Failures are opaque. When a Spark job fails, the error message is frequently in the executor logs of a worker that may no longer exist, wrapped in multiple layers of Java exception chains, pointing to a line in generated bytecode. Getting to the actual cause — a null pointer from unexpected data, a shuffle that ran out of disk space, a skewed partition that caused an executor OOM — requires experience navigating Spark's logging infrastructure.

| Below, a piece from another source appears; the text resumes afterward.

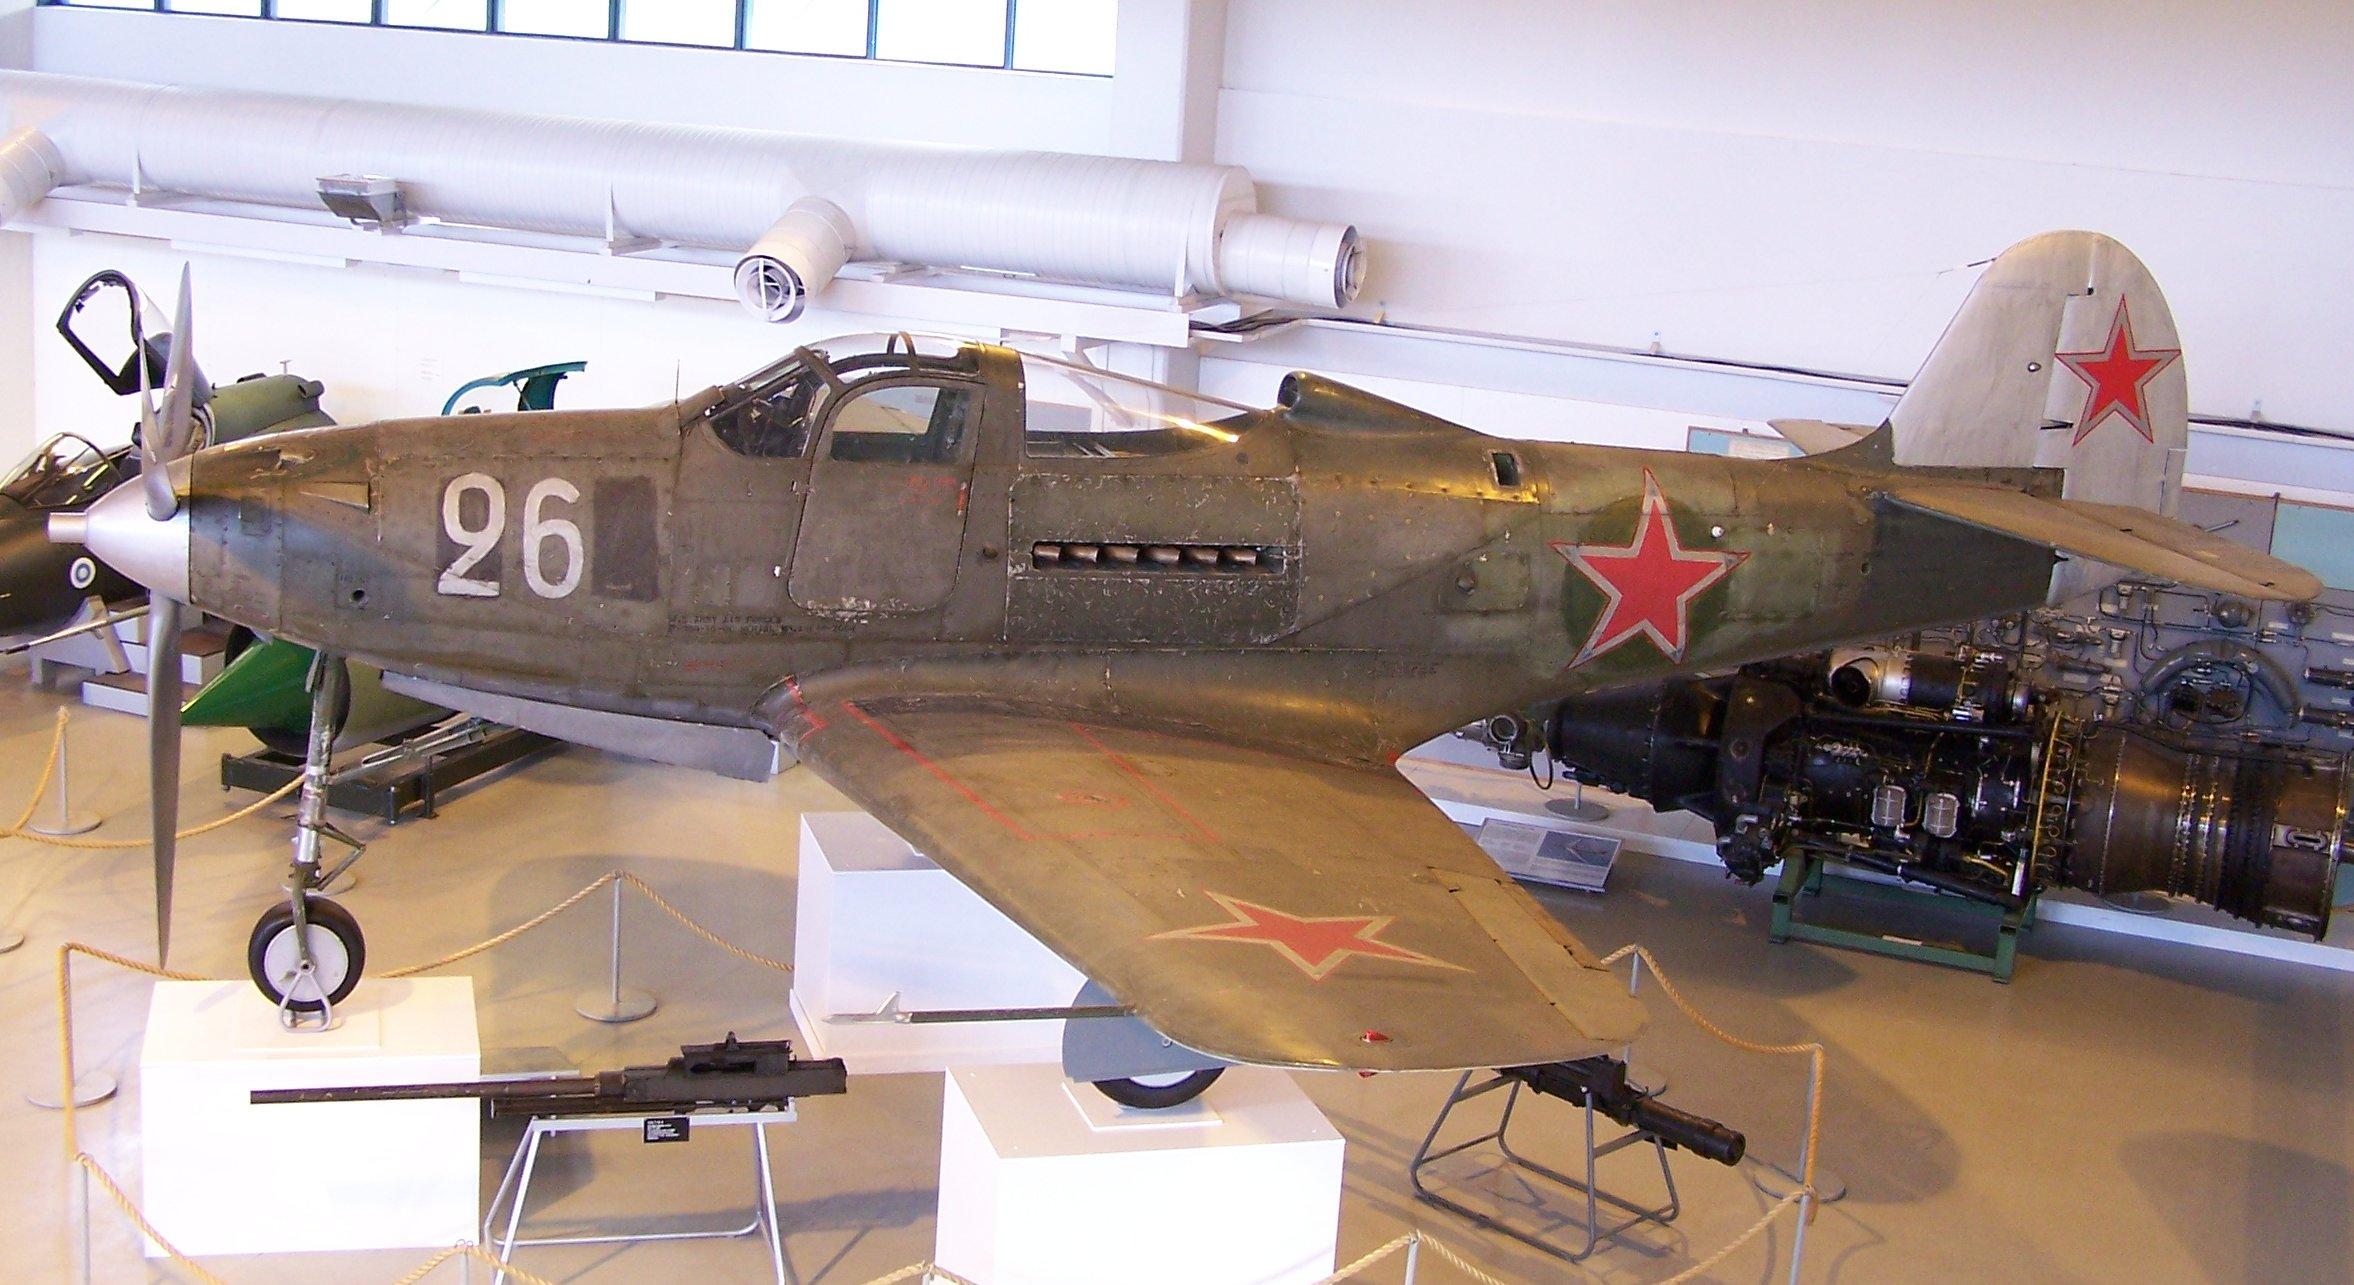 PT19 Rebuild Project P-39_Airacobra_2006-06-15

Performance is data-dependent. A Spark job that runs in 20 minutes with typical data might take 4 hours with data that has different distribution characteristics. Skewed keys in a join or aggregation can cause one executor to process 100x more data than others while the rest wait. Your SLAs are effectively conditional on your data distribution, which is not a property of your infrastructure.

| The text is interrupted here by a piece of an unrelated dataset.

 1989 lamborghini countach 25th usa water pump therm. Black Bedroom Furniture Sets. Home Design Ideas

Resource management interacts with correctness. If you allocate too little executor memory, jobs fail with OOM errors. Too much, and you're wasting cluster capacity. Dynamic allocation helps, but getting the memory configuration right for a job that processes variable-sized partitions is genuinely hard.

Cluster state degrades over time. Long-running Spark clusters accumulate state: cached datasets that are no longer needed, shuffle files from completed stages, driver memory that has grown from accumulated metadata. Restarting clusters periodically is operational maintenance, not a sign that something is wrong.


The Monitoring Stack That Works

Standard infrastructure monitoring (CPU, memory, disk) is necessary but not sufficient for Spark. You need application-level observability.

Spark History Server. This is your primary debugging tool for completed jobs. The History Server stores Spark event logs and provides a UI showing stage timelines, task distributions, and executor resource usage. For production reliability, you need the History Server running against a durable event log store (S3 or GCS, not local disk), and you need a retention policy that keeps job history for at least 30 days.

SparkMeasure. This is an underused tool. SparkMeasure instruments Spark jobs to collect stage and task-level metrics — bytes read/written, shuffle data, GC time, task duration distribution — and publishes them to a time-series store. For long-running production pipelines, correlating SparkMeasure metrics with your infrastructure metrics gives you visibility into the performance characteristics of each pipeline, not just "did it succeed or fail."

Custom metrics via SparkListener. For pipelines where you need business-level metrics (records processed, data quality check results, transformation accuracy), implement a SparkListener that publishes custom metrics to CloudWatch or Prometheus at the stage level:

scala
class ProductionMetricsListener(metricsClient: MetricsClient) 
    extends SparkListener {
  
  override def onStageCompleted(stageCompleted: SparkListenerStageCompleted): Unit = {
    val info = stageCompleted.stageInfo
    val taskMetrics = info.taskMetrics
    
    val tags = Map(
      "pipeline" -> info.name,
      "stage_id" -> info.stageId.toString,
      "attempt" -> info.attemptNumber.toString
    )
    
    metricsClient.gauge("spark.stage.duration_ms", 
      info.completionTime.getOrElse(0L) - info.submissionTime.getOrElse(0L), tags)
    metricsClient.gauge("spark.stage.task_count", 
      info.numTasks, tags)
    metricsClient.gauge("spark.stage.shuffle_read_bytes", 
      taskMetrics.shuffleReadMetrics.totalBytesRead, tags)
    metricsClient.gauge("spark.stage.shuffle_write_bytes", 
      taskMetrics.shuffleWriteMetrics.bytesWritten, tags)
    metricsClient.gauge("spark.stage.gc_time_ms", 
      taskMetrics.jvmGCTime, tags)
    
    // Alert on high GC — sign of memory pressure
    val durationMs = info.completionTime.getOrElse(0L) - info.submissionTime.getOrElse(0L)
    val gcPercent = taskMetrics.jvmGCTime.toDouble / durationMs * 100
    if (gcPercent > 20) {
      metricsClient.increment("spark.stage.high_gc_alert", tags)
    }
  }
}

The Data Skew Problem (And How to Detect It)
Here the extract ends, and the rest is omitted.